Vogel Todd R, Dombrovskiy Viktor Y, Graham Alan M
Division of Vascular Surgery, The Surgical Outcomes Research Group, Robert Wood Johnson Medical School, One Robert Wood Johnson Place, New Brunswick, NJ 08903-0019, USA.
J Am Coll Surg. 2009 Sep;209(3):356-63. doi: 10.1016/j.jamcollsurg.2009.05.024. Epub 2009 Jul 24.
There has been a dramatic increase in the use of endovascular technology for treatment of abdominal aortic aneurysms (AAA), but practice patterns have not been well-evaluated. Hospital resource use and outcomes after elective endovascular abdominal aortic repair (EVAR) and open surgical repair were assessed by hospital type, ie, major teaching (MT), teaching affiliate, and nonteaching (NT).
Elective, nonruptured AAA repairs were identified in the State Inpatient Databases for New Jersey (2001 to 2006). Descriptive statistics, univariate, multivariable, trend, and case-mix-adjustment analyses were employed.
A total of 6,227 subjects were identified; 4,698 patients (mean age 73.0 +/- 8.01 years; 79.2% men) underwent elective repair of AAA. EVAR was performed 2.6 times more often in MT compared with NT (p < 0.0001) institutions. Univariate evaluation demonstrated that women had a predominance of EVAR performed (p < 0 .0002) in MT hospitals and that minorities in NT hospitals were more likely to be treated with open operations (p = 0.0148). Case-mix-adjusted mortality rates for EVAR were higher at NT (1.95%; 95% CI, 1.81 to 2.09) compared with MT (0.73%; 95% CI, 0.69 to 0.77) hospitals. After adjustment, MT hospitals were more likely to use EVAR (odds ratio = 2.4; 95% CI, 2.11 to 2.83) and less likely to have increased length of stay (odds ratio = 0.38; 95% CI, 0.32 to 0.44) compared with NT.

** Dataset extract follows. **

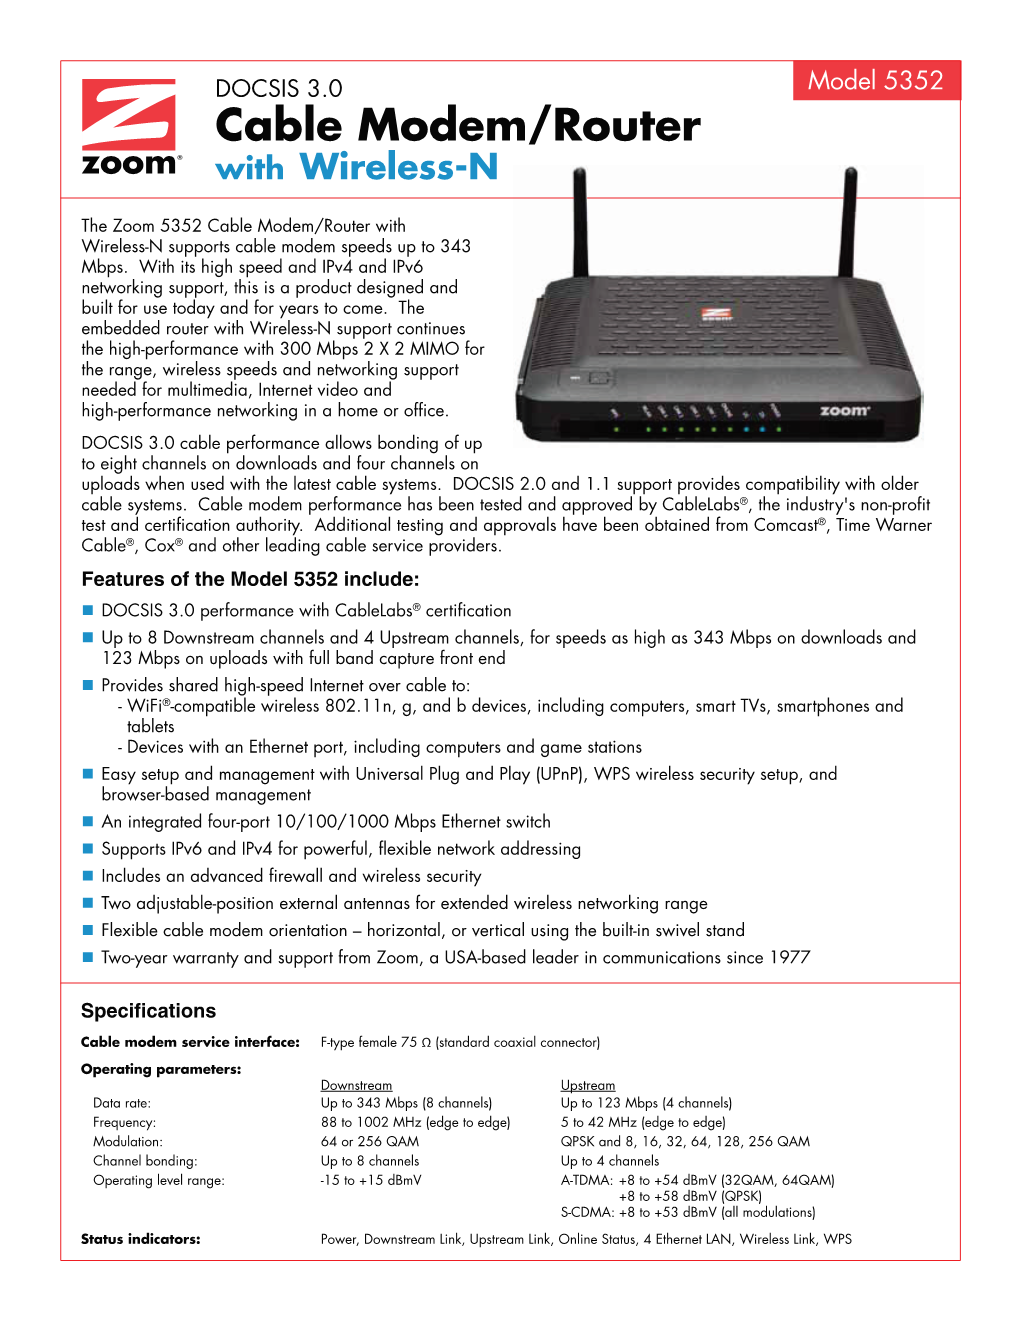 Cable Modem/Router with Wireless-N

Hospital teaching status was significantly associated with repair type, overall mortality, and hospital resource use. MT hospitals were considerably more likely to use EVAR for elective AAA repair, offered an improvement in survival, were more likely to treat women and minorities with EVAR, and demonstrated decreased length of stay and cost.

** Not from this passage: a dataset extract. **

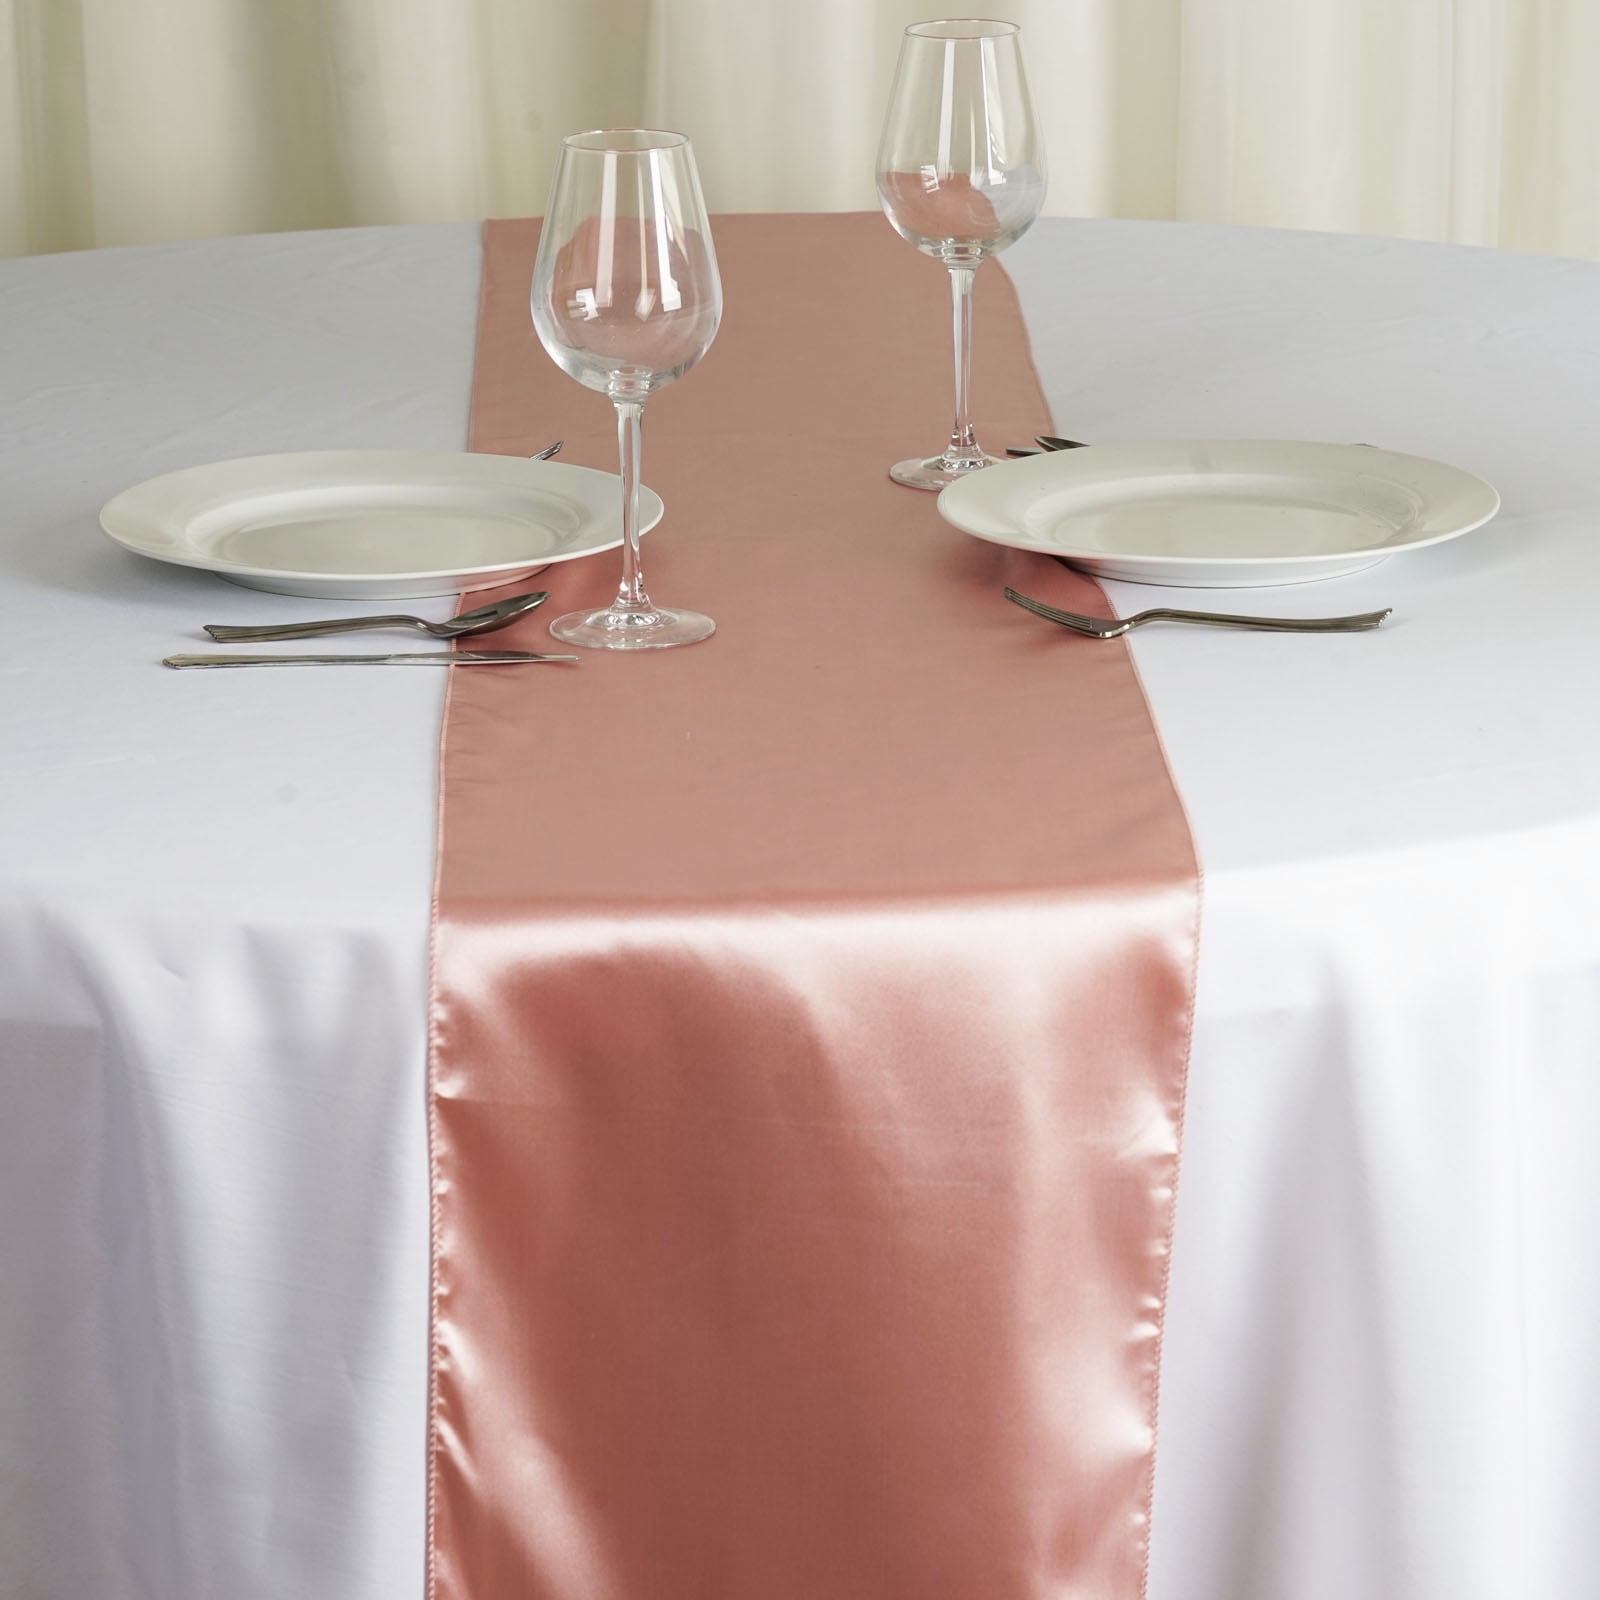 Details about   Satin Roses Banquet Table Skirt Dinner Catering Party Wedding Linens Decorations

血管内技术在腹主动脉瘤(AAA)治疗中的应用急剧增加,但实践模式尚未得到充分评估。通过医院类型,即大型教学医院(MT)、教学附属医院和非教学医院(NT),评估了择期血管内腹主动脉修复术(EVAR)和开放手术修复后的医院资源使用情况及治疗结果。
在新泽西州住院患者数据库中识别出择期、未破裂的AAA修复病例(时间范围为2001年至2006年)。采用描述性统计、单变量、多变量、趋势分析和病例组合调整分析。
共识别出6227例受试者;4698例患者(平均年龄73.0±8.01岁;79.2%为男性)接受了AAA择期修复。与NT机构相比,MT机构进行EVAR的频率高2.6倍(p<0.0001)。单变量评估表明,在MT医院,接受EVAR治疗的女性占多数(p<0.0002),而在NT医院,少数族裔更有可能接受开放手术治疗(p = 0.0148)。与MT医院(0.73%;95%CI,0.69至0.77)相比,NT医院EVAR的病例组合调整死亡率更高(1.95%;95%CI,1.81至2.09)。调整后,与NT医院相比,MT医院更有可能使用EVAR(优势比=2.4;95%CI,2.11至2.83),住院时间延长的可能性更小(优势比=0.38;95%CI,0.32至0.44)。
医院教学状况与修复类型、总体死亡率和医院资源使用显著相关。MT医院在AAA择期修复中使用EVAR的可能性要大得多,生存率有所提高,用EVAR治疗女性和少数族裔的可能性更大,且住院时间缩短、成本降低。